HENRY KISSINGER: A LETTER TO THE ECONOMIST (May 23, 2011)

The main problem with your review of Henry Kissinger’s On China (London: Allen Lane, 2011) is that you take his subject rather literally (“No Go,” May 21, 2011). In fact, the book is about Kissinger himself. As you say, it is marred by several flaws, the most important of which is that the author believes that Chinese strategists think like players of wei qi or go, which means that they wish to avoid encirclement. In your rendering, he is wrong to believe that Chinese foreign policy is dominated by “cool, calculating, master strategists.” He is writing about himself, of course. He sees himself as the master strategists to be emulated first and foremost in America, where he may be venerable, but where the foreign policy is still dominated by the four-year political cycle.

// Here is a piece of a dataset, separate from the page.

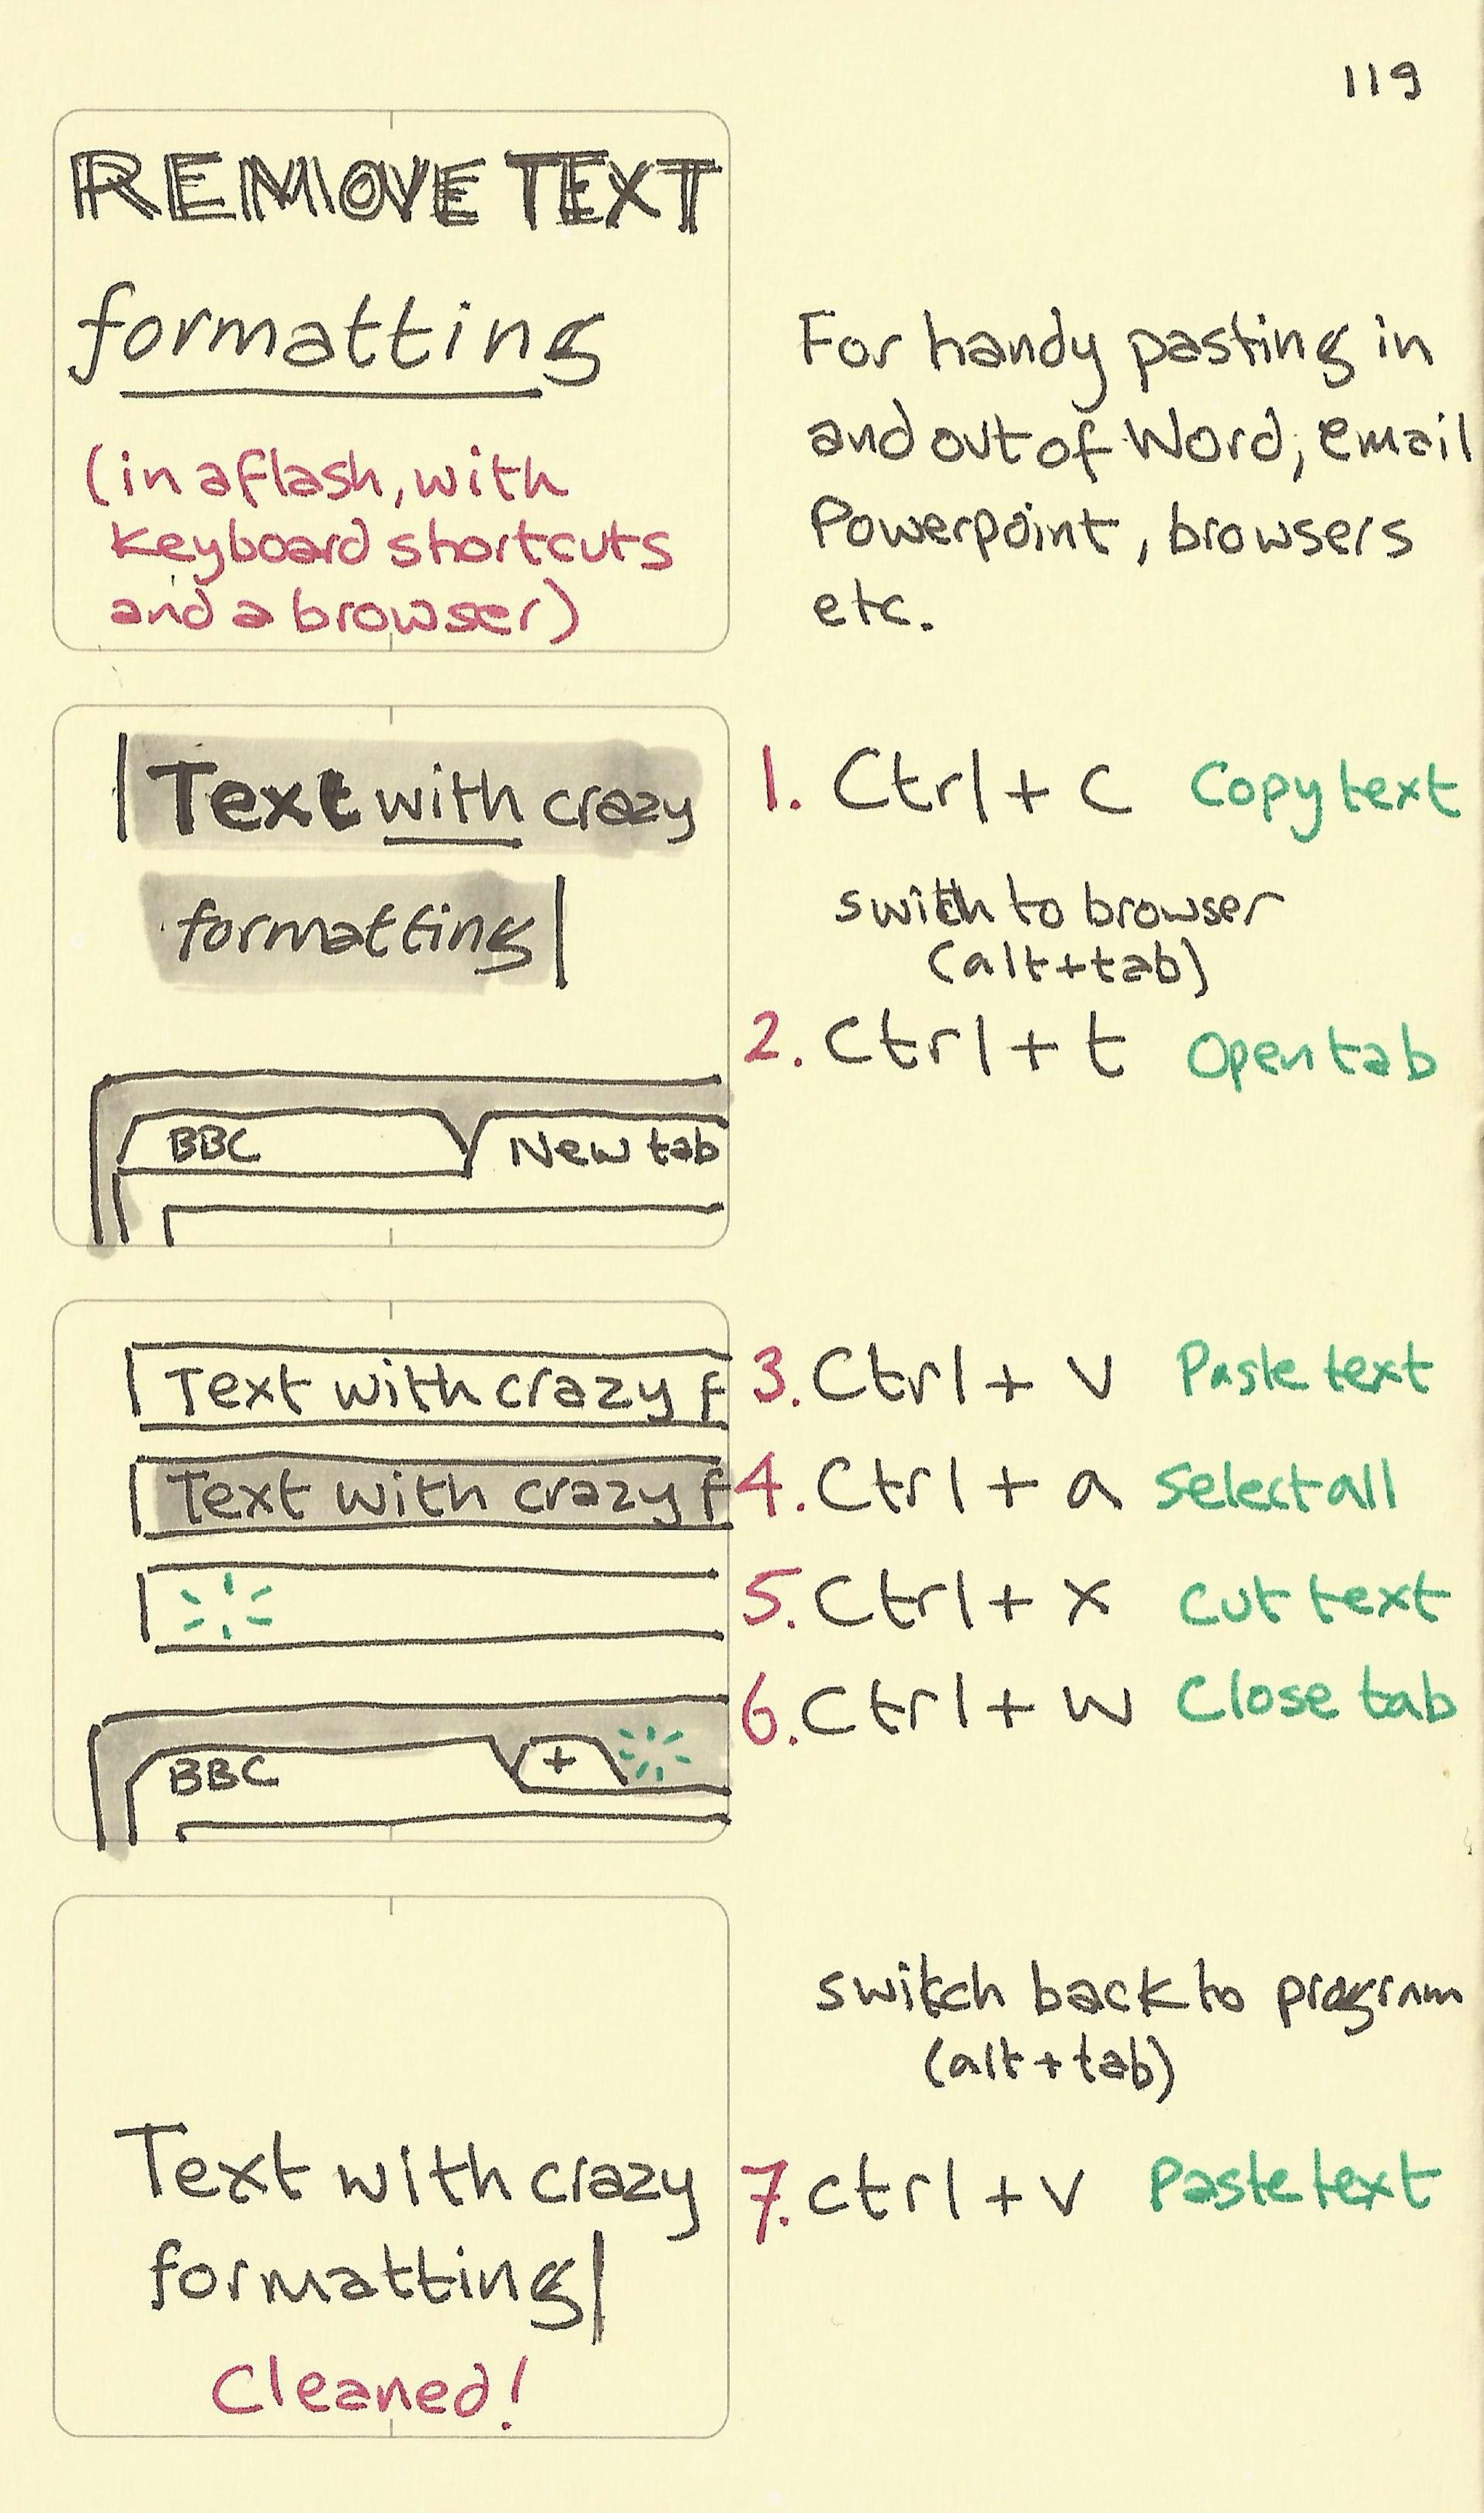 Remove text formatting - Sketchplanations

Chinese foreign policy is a bit more panoramic and long term, but it, too, is dominated by the political cycle of the ruling party. Returning to wei qi, it is a game of war whereas chess is a battle game. You can lose a few battles in the former while winning the war, whereas the battle is the whole war in the latter. Follow my example, Kissinger is actually pleading, and both American and Chinese politicians had better listen to his earnest entreaties. For the world is the game now, and the time may well be forever even if only a century is actually at stake.